A RecognitionConfig contains the following sub-fields:

  • decoding_config: choose to specify either auto_decoding_config to enable automatic detection of audio metadata or an explicit_decoding_config to specify specific audio metadata for recognition. You must set explicit_decoding_config for headerless PCM audio.
  • features: the RecognitionFeatures to set for recognition.
  • adaptation: the SpeechAdaptation to use for recognition. For more information, see the speech adaptation concepts page.

Before making any recognition requests, you first need to create a Recognizer by calling the CreateRecognizer method.

Then, when making a recognition request, you can specify your Recognizer's name in the request, which should have the below format.

projects/PROJECT_ID/locations/LOCATION/recognizers/RECOGNIZER_ID

Replace PROJECT_ID with your Google Cloud project ID, LOCATION with the desired location (us, global, etc.), and RECOGNIZER_ID with an identifier for your Recognizer.

Speech requests

Speech-to-Text has three main methods to perform speech recognition. These are listed below:

  • Synchronous Recognition (REST and gRPC) sends audio data to the Speech-to-Text API, performs recognition on that data, and returns results after all audio has been processed. Synchronous recognition requests are limited to audio data of 1 minute or less in duration.

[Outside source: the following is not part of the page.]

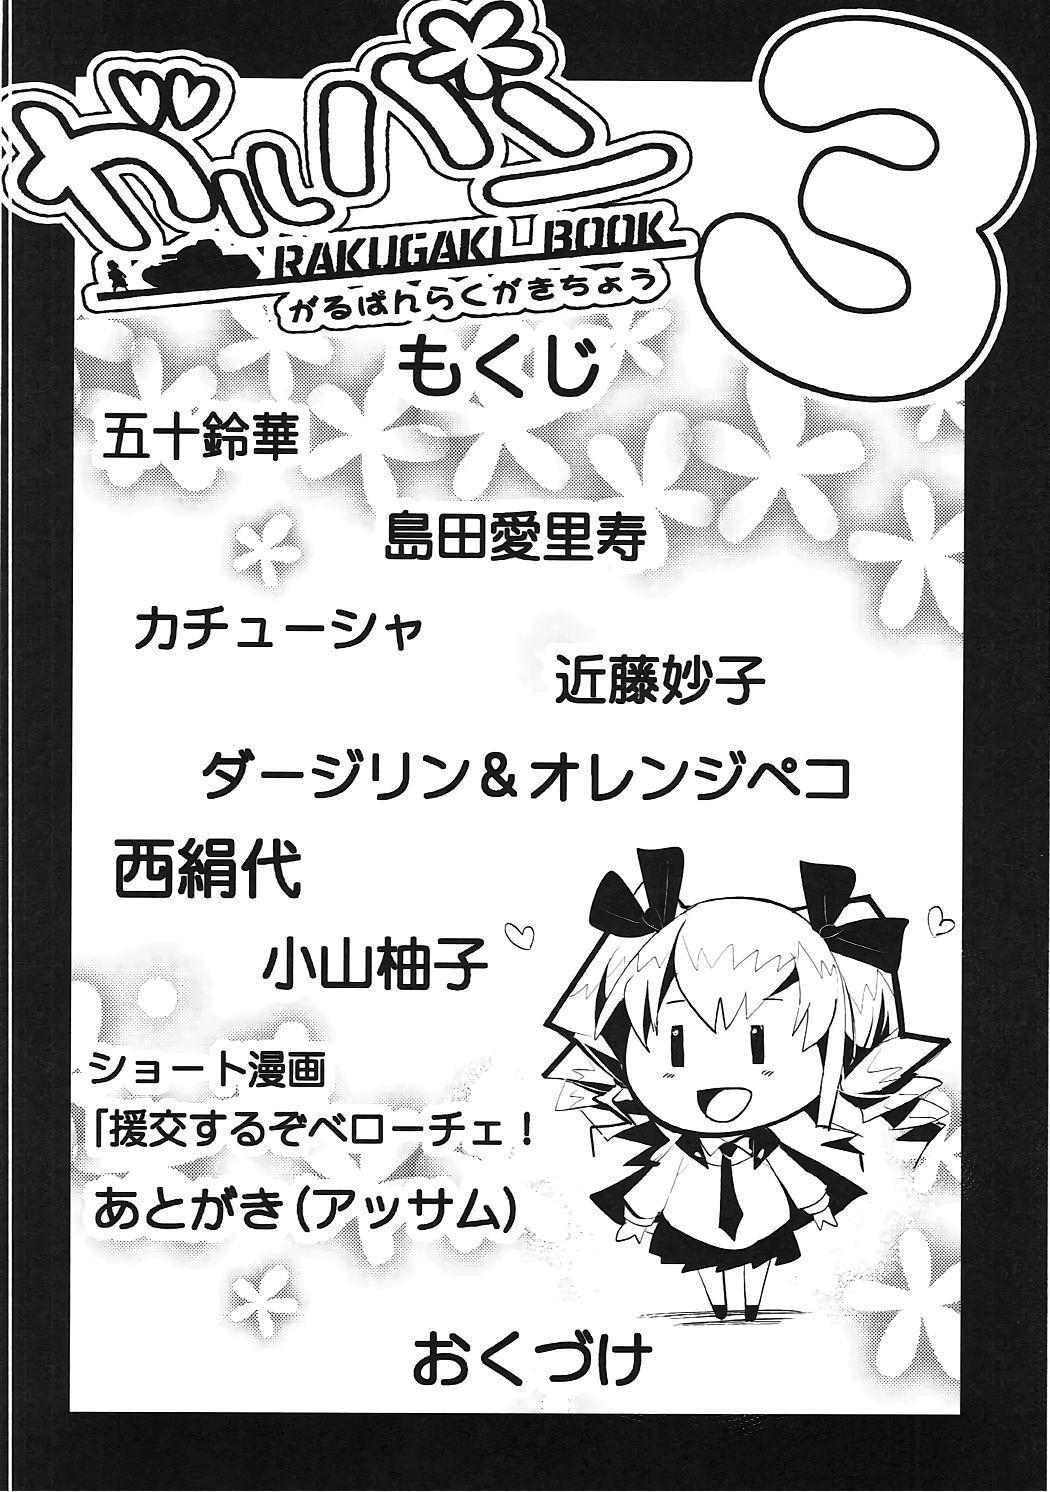 GirlPan Rakugakichou 3 2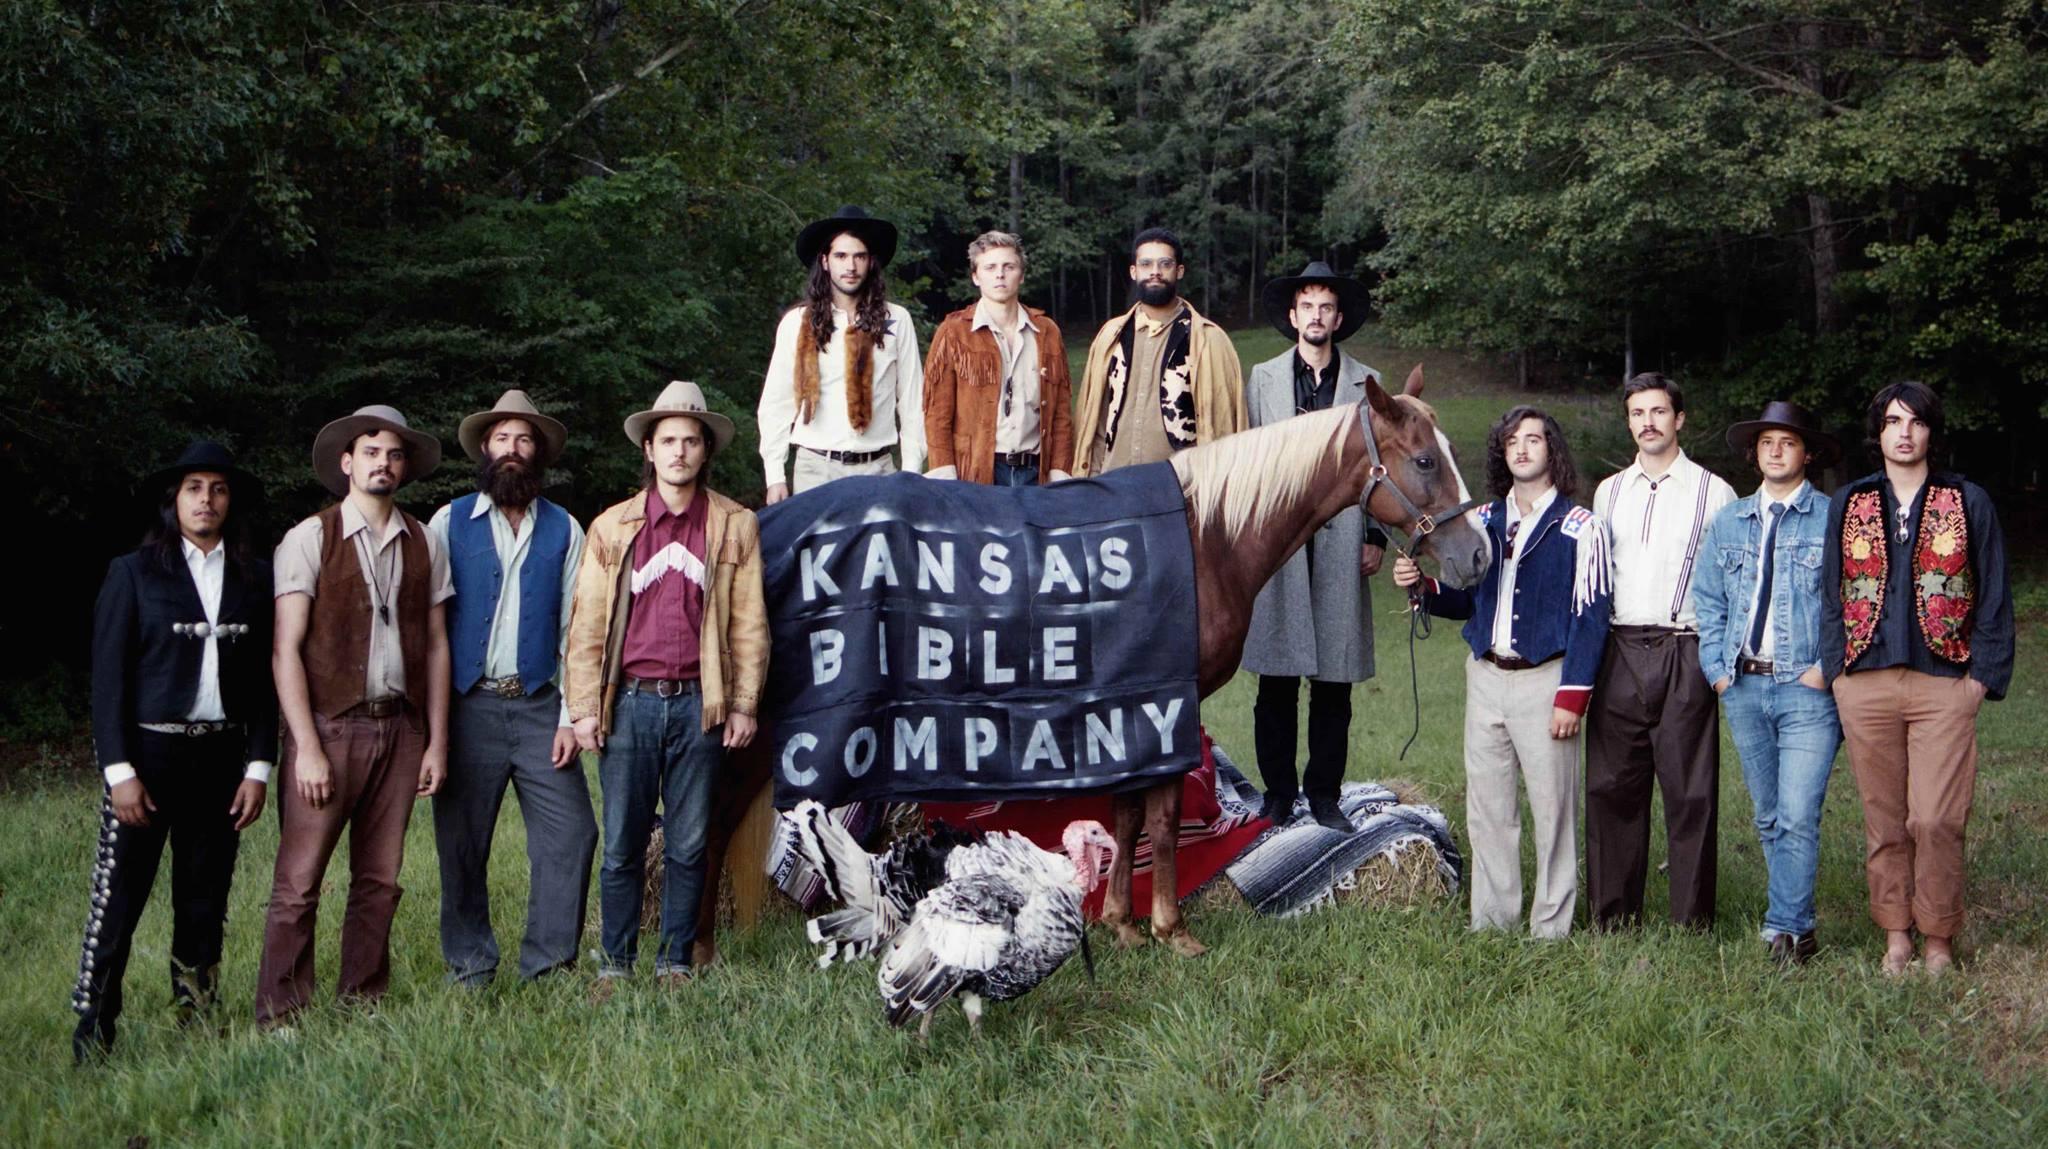 Kansas Bible Company

  • Streaming Recognition (gRPC only) performs recognition on audio data provided within a gRPC bi-directional stream. Streaming requests are designed for real-time recognition purposes, such as capturing live audio from a microphone. Streaming recognition provides interim results while audio is being captured, allowing result to appear, for example, while a user is still speaking.

Requests contain configuration parameters as well as audio data. The following sections describe these type of recognition requests, the responses they generate, and how to handle those responses in more detail.

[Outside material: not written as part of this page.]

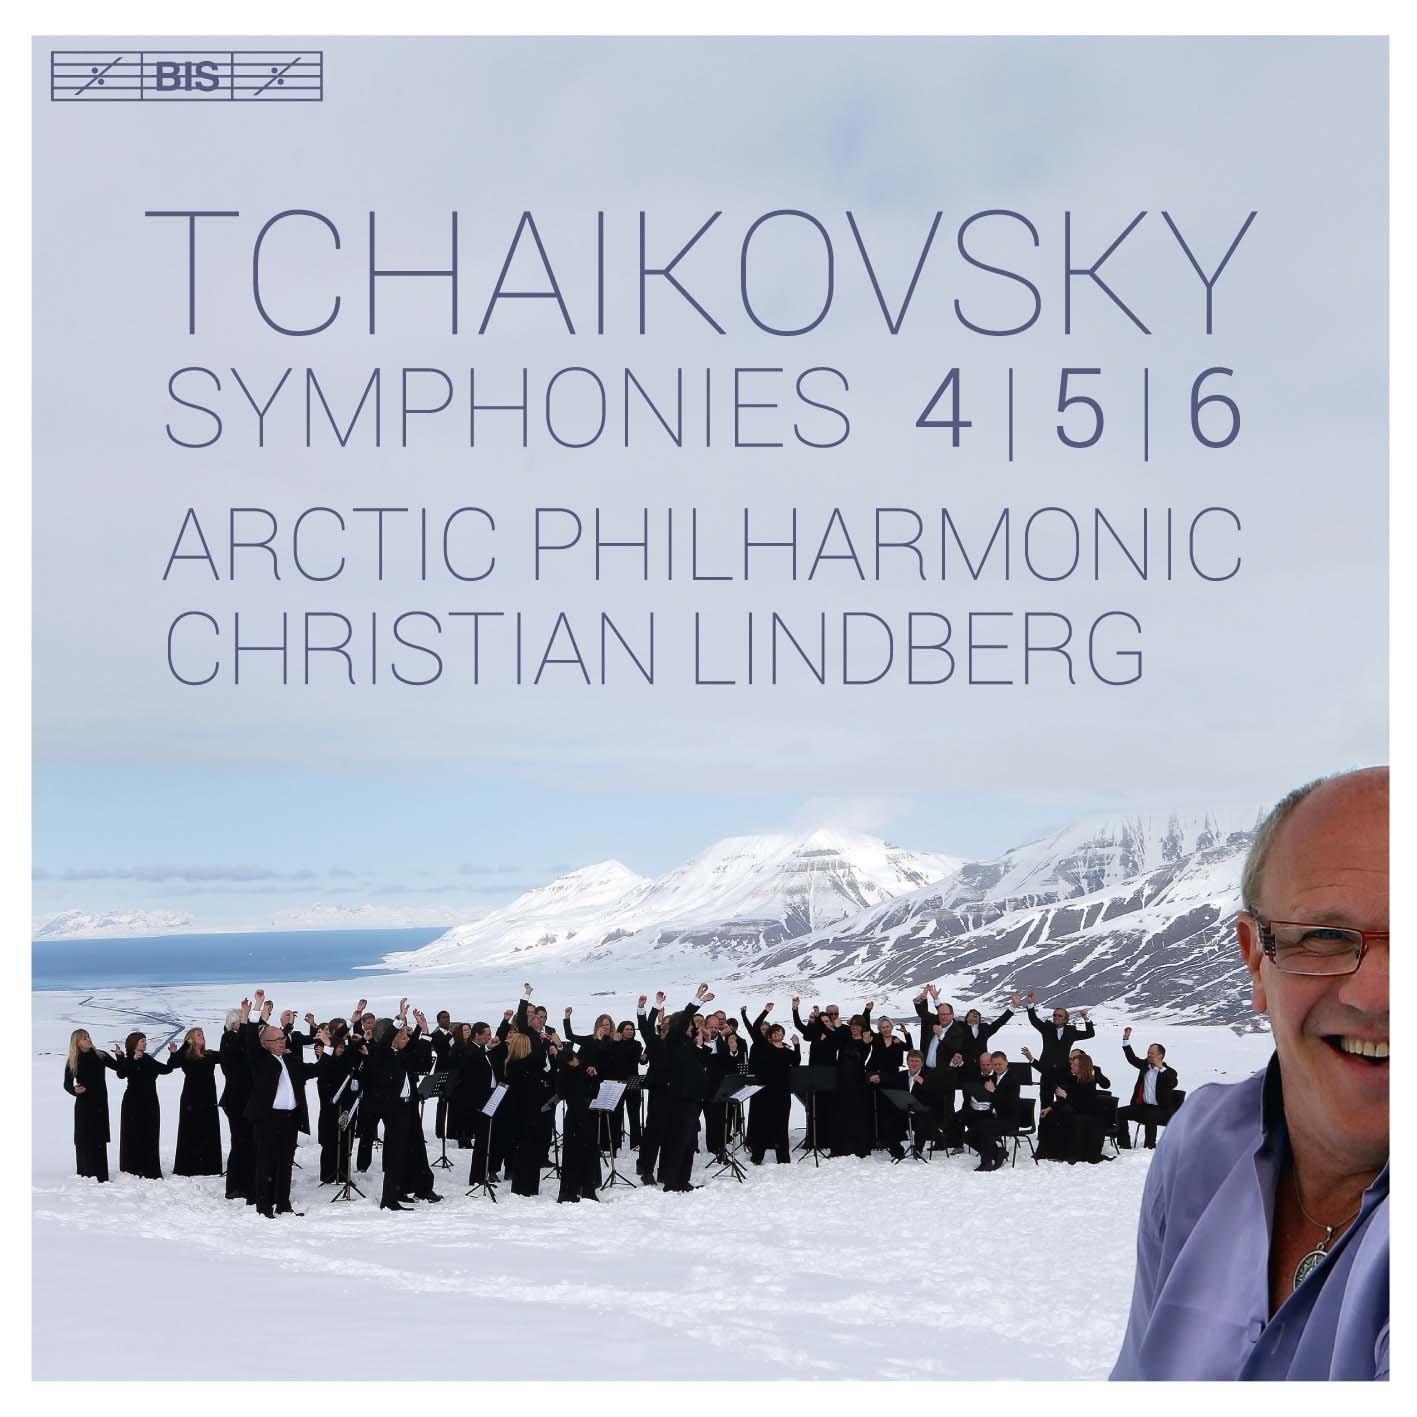 SACD : Tchaikovsky / Arctic Philharmonic / Lindberg - Pyotr Ilyich Tchaikovsky: Symphonies Nos 4-6 (Hybrid SACD)

Speech-to-Text API recognition

A Speech-to-Text API synchronous recognition request is the simplest method for performing recognition on speech audio data. Speech-to-Text can process up to 1 minute of speech audio data sent in a synchronous request. After Speech-to-Text processes and recognizes all of the audio, it returns a response.

A synchronous request is blocking, meaning that Speech-to-Text must return a response before processing the next request. Speech-to-Text typically processes audio faster than realtime, processing 30 seconds of audio in 15 seconds on average. In cases of poor audio quality, your recognition request can take significantly longer.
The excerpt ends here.